Friday, January 15, 2010

Birth in Turkey

I won't post my entire birth story here, but I do want to write a little about my experience giving birth in a Turkish hospital -- although I must qualify the following by saying that I'm sure a dozen different women at a dozen different hospitals throughout Turkey would have a dozen different experiences; I can't claim my experience was typical.

I can say that I had moments during labour and in the days after the birth where I thought, next time I'm going back to Canada to have my baby! But before I get into the things I didn't like about my birth experience, I'll just say that I'm so proud of myself for having given birth naturally; I'm so in love with my son; and the whole experience was pretty incredible!

Now on to the negatives:
  • THEY WOULDN'T GIVE ME AN EPIDURAL! This is no small complaint. It had been on my birth plan; my doctor hadn't said anything about it being a problem; yet the doctor on duty (of course I went into labour in the middle of the night!) said they ''don't do'' epidurals with vaginal births. What??!! I think what he meant to say, was that the anesthesiologist only works from 9-5. Lesson learned: make sure your hospital is big enough to meet your needs. I was fooled by my hospital's shiny newness and modernity (each doctor had his own Doppler ultrasound machine in his office!)**

  • The nurses didn't seem to have consistent procedures in place. A few hours after giving birth, I fainted and threw up after getting out of bed for the first time to go to the bathroom. The nurse's first comment was, ''Haven't you eaten anything since the delivery?'' No one told me to!

  • No one came to systematically teach me anything about breastfeeding or otherwise caring for my baby; no one checked in to see whether breastfeeding was happening at all. (It wasn't.) At one point, a nurse peered into the bassinet and casually remarked that I should be putting my baby to sleep on his side, not on his back. I was overcome with horror that I'd been doing something wrong! Again, why didn't anyone tell me that from the start?

In summary, my husband and I were left to flounder as newbie parents for the first few days, until we figured things out on our own. I relied heavily on my What to Expect books, emails and phone calls to friends back in Canada, and my in-laws. But more often than not, their advice conflicted with something someone else had said, and we just had to figure things out on our own. The ''customer service'' aspect of my delivery was awful, and my theory is that local women rely so much on the support of the women in their family, that the nurses and midwives don't even bother saying anything; they just assume you're getting enough help and advice from other sources.

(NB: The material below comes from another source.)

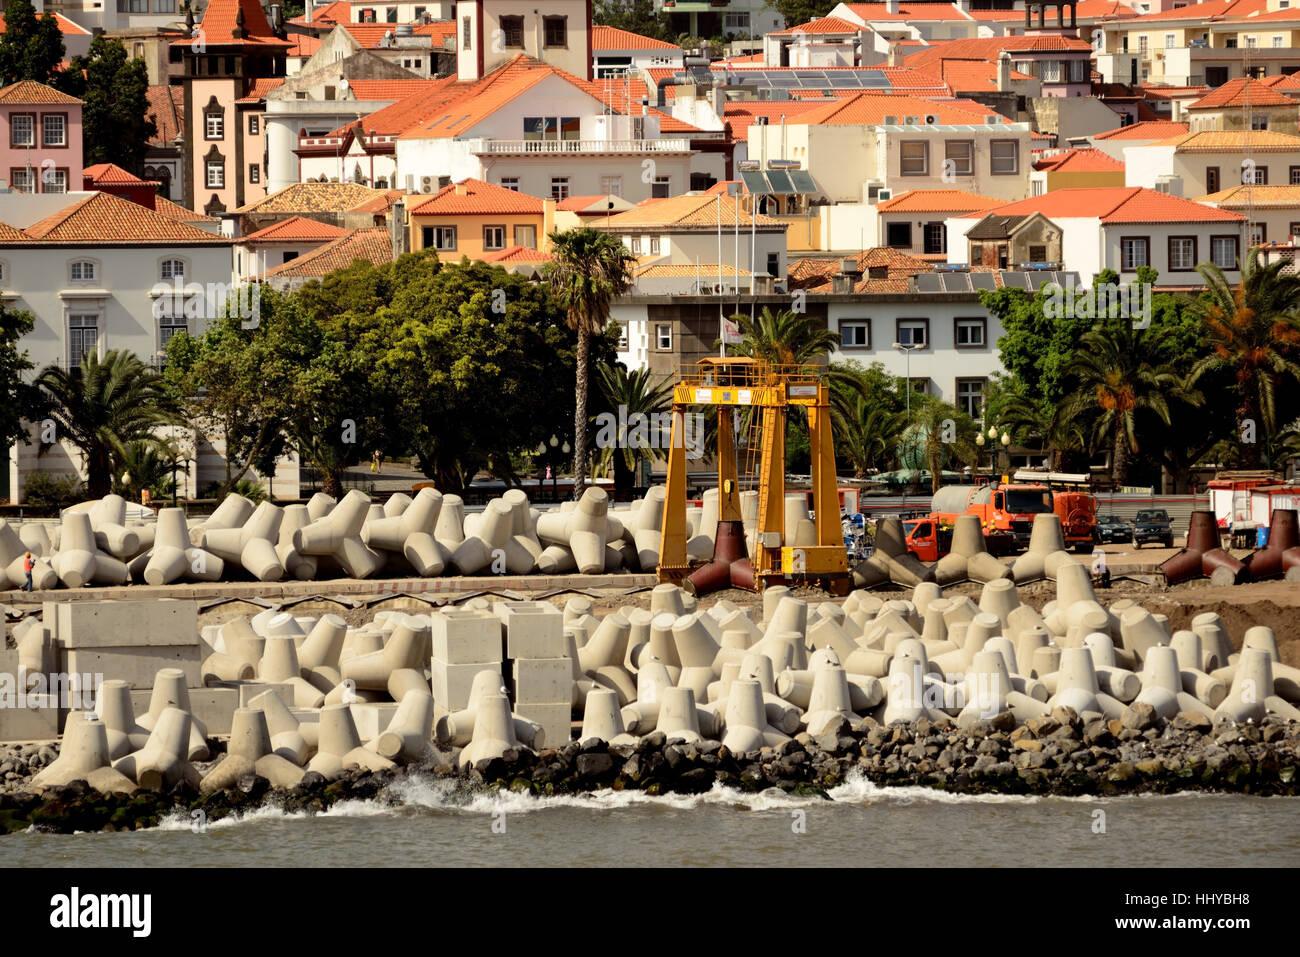 Concrete sea defences (tetrapods). Stock Photo

My advice to other expat women: speak to other expats who've delivered babies in your area so you can learn from their 'mistakes.' Better yet, if at all possible, find a doctor who's delivered other foreign women!

**A few days after giving birth I watched the documentary The Business of Being Born, which made me, in retrospect, glad I didn't have an epidural. Still, I think a woman who requests one, should be able to have one; I was extremely stressed out about going all natural during labour!


  1. Hi. I'm wondering if you could help me out. I'm an American currently living in S Korea. I also found out I am 10 weeks pregnant. Surprise! My husband and I were planning on moving to Turkey in July after our Korea stint. It's something we've always wanted to do. I'm nervous about potentially giving birth there, especially since I will arrive in the country about 7 months along...can you give me any advice based on your experience?

    1. Dan and Heather,

      There are amazing hospitals in Turkey don't worry about anything. If you buy a maternity package insurance which is very cheap you can give birth in a lovely hospital surroumded by qualified doctors and nurses.